For the listing below, return the line containing "Urs cu înghețată mare de colorat", the line containing "凉山2017旅游形象LOGO", and all lines in between, exactly as written and nothing else.

→ Provided entries:
++++++++

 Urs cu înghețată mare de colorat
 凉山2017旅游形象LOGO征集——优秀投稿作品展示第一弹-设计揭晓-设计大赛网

++++++++

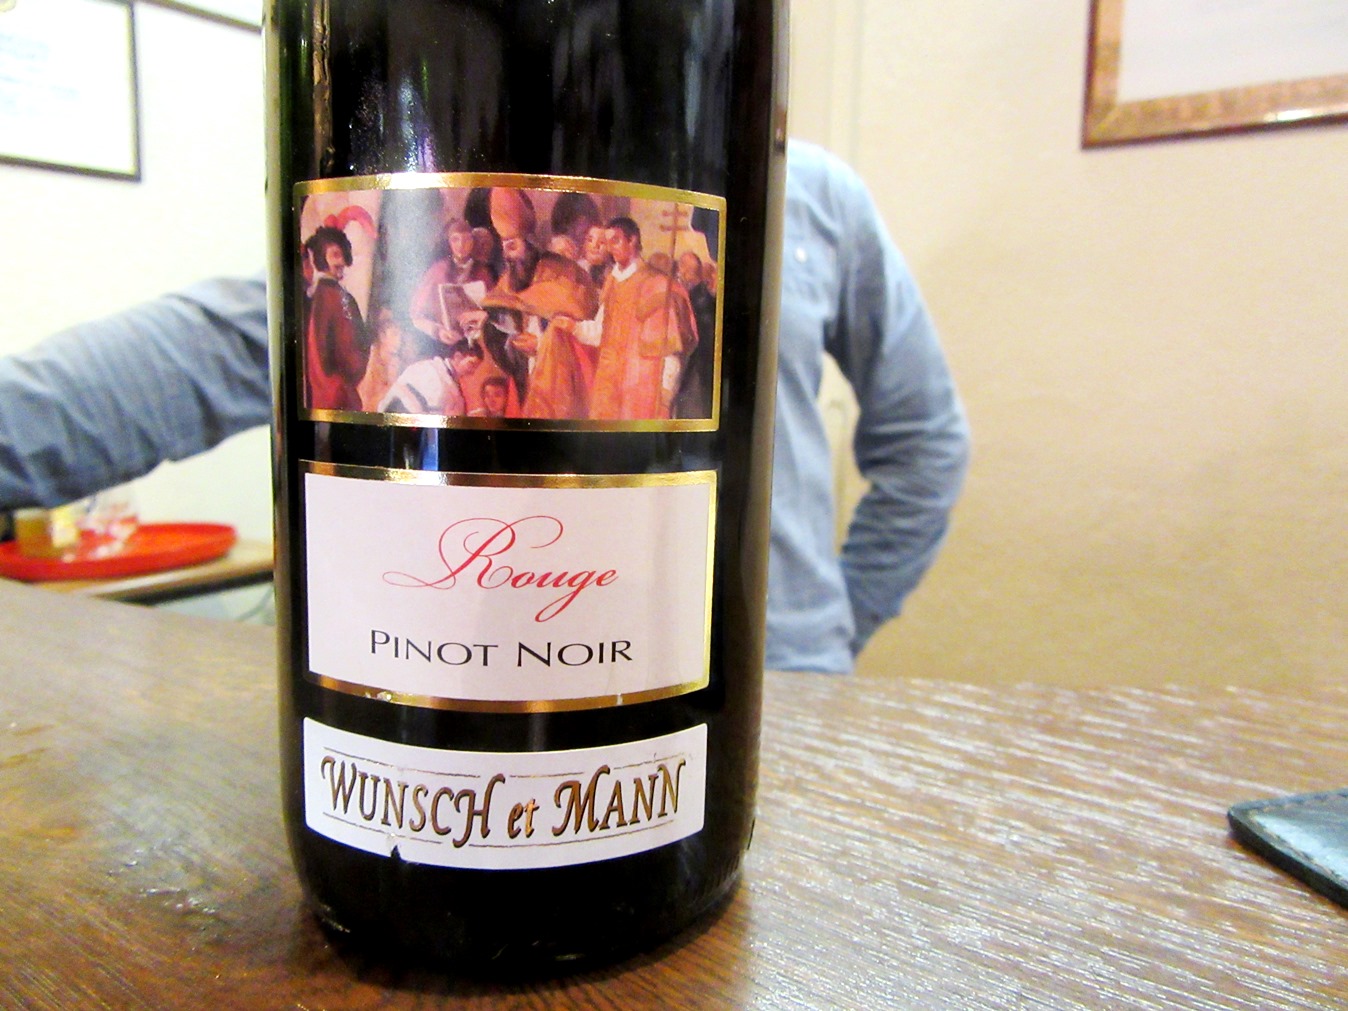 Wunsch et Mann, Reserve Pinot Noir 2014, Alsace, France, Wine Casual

++++++++

→ Response:
 Urs cu înghețată mare de colorat
 凉山2017旅游形象LOGO征集——优秀投稿作品展示第一弹-设计揭晓-设计大赛网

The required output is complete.